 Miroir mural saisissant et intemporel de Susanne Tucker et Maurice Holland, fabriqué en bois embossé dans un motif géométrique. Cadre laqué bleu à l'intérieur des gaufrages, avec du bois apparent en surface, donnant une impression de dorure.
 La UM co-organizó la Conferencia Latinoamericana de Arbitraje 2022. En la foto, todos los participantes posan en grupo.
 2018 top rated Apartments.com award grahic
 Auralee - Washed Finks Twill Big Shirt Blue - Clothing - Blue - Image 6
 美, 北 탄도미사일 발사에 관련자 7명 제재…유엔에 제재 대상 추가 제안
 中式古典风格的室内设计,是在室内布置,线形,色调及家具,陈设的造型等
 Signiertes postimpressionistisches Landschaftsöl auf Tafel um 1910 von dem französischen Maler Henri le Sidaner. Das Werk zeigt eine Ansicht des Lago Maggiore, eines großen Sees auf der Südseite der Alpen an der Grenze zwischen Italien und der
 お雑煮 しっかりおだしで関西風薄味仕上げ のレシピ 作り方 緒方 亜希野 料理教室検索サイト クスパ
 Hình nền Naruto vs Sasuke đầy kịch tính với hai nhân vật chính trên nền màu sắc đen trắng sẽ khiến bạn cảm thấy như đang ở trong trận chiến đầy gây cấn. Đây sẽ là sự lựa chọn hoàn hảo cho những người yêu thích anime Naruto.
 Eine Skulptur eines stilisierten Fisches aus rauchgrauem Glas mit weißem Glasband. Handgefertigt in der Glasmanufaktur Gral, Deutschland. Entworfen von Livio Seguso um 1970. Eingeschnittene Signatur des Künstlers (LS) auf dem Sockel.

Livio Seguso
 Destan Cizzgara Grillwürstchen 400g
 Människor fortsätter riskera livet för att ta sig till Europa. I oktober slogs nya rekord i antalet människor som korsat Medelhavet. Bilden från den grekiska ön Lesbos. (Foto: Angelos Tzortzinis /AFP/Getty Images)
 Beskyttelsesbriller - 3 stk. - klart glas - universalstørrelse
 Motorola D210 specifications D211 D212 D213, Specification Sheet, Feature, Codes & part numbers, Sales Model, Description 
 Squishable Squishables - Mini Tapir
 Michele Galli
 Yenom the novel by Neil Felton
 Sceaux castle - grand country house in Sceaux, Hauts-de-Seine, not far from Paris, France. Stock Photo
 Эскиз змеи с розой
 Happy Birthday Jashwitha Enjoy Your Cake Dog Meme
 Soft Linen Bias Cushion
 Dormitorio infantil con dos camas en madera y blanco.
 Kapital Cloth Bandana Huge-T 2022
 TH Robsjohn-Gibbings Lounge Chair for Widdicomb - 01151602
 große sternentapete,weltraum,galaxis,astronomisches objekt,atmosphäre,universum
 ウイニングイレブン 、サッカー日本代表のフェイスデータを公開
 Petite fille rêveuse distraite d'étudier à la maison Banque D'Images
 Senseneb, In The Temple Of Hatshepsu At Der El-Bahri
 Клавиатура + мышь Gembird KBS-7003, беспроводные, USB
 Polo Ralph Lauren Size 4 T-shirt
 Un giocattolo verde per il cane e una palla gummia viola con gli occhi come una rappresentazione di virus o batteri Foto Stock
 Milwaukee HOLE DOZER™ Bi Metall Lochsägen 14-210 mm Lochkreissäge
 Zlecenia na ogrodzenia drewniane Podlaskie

○ ○ ○ ○

Task description: Down to the last line, repeat the data exactly.

Output below:
 Miroir mural saisissant et intemporel de Susanne Tucker et Maurice Holland, fabriqué en bois embossé dans un motif géométrique. Cadre laqué bleu à l'intérieur des gaufrages, avec du bois apparent en surface, donnant une impression de dorure.
 La UM co-organizó la Conferencia Latinoamericana de Arbitraje 2022. En la foto, todos los participantes posan en grupo.
 2018 top rated Apartments.com award grahic
 Auralee - Washed Finks Twill Big Shirt Blue - Clothing - Blue - Image 6
 美, 北 탄도미사일 발사에 관련자 7명 제재…유엔에 제재 대상 추가 제안
 中式古典风格的室内设计,是在室内布置,线形,色调及家具,陈设的造型等
 Signiertes postimpressionistisches Landschaftsöl auf Tafel um 1910 von dem französischen Maler Henri le Sidaner. Das Werk zeigt eine Ansicht des Lago Maggiore, eines großen Sees auf der Südseite der Alpen an der Grenze zwischen Italien und der
 お雑煮 しっかりおだしで関西風薄味仕上げ のレシピ 作り方 緒方 亜希野 料理教室検索サイト クスパ
 Hình nền Naruto vs Sasuke đầy kịch tính với hai nhân vật chính trên nền màu sắc đen trắng sẽ khiến bạn cảm thấy như đang ở trong trận chiến đầy gây cấn. Đây sẽ là sự lựa chọn hoàn hảo cho những người yêu thích anime Naruto.
 Eine Skulptur eines stilisierten Fisches aus rauchgrauem Glas mit weißem Glasband. Handgefertigt in der Glasmanufaktur Gral, Deutschland. Entworfen von Livio Seguso um 1970. Eingeschnittene Signatur des Künstlers (LS) auf dem Sockel.

Livio Seguso
 Destan Cizzgara Grillwürstchen 400g
 Människor fortsätter riskera livet för att ta sig till Europa. I oktober slogs nya rekord i antalet människor som korsat Medelhavet. Bilden från den grekiska ön Lesbos. (Foto: Angelos Tzortzinis /AFP/Getty Images)
 Beskyttelsesbriller - 3 stk. - klart glas - universalstørrelse
 Motorola D210 specifications D211 D212 D213, Specification Sheet, Feature, Codes & part numbers, Sales Model, Description 
 Squishable Squishables - Mini Tapir
 Michele Galli
 Yenom the novel by Neil Felton
 Sceaux castle - grand country house in Sceaux, Hauts-de-Seine, not far from Paris, France. Stock Photo
 Эскиз змеи с розой
 Happy Birthday Jashwitha Enjoy Your Cake Dog Meme
 Soft Linen Bias Cushion
 Dormitorio infantil con dos camas en madera y blanco.
 Kapital Cloth Bandana Huge-T 2022
 TH Robsjohn-Gibbings Lounge Chair for Widdicomb - 01151602
 große sternentapete,weltraum,galaxis,astronomisches objekt,atmosphäre,universum
 ウイニングイレブン 、サッカー日本代表のフェイスデータを公開
 Petite fille rêveuse distraite d'étudier à la maison Banque D'Images
 Senseneb, In The Temple Of Hatshepsu At Der El-Bahri
 Клавиатура + мышь Gembird KBS-7003, беспроводные, USB
 Polo Ralph Lauren Size 4 T-shirt
 Un giocattolo verde per il cane e una palla gummia viola con gli occhi come una rappresentazione di virus o batteri Foto Stock
 Milwaukee HOLE DOZER™ Bi Metall Lochsägen 14-210 mm Lochkreissäge
 Zlecenia na ogrodzenia drewniane Podlaskie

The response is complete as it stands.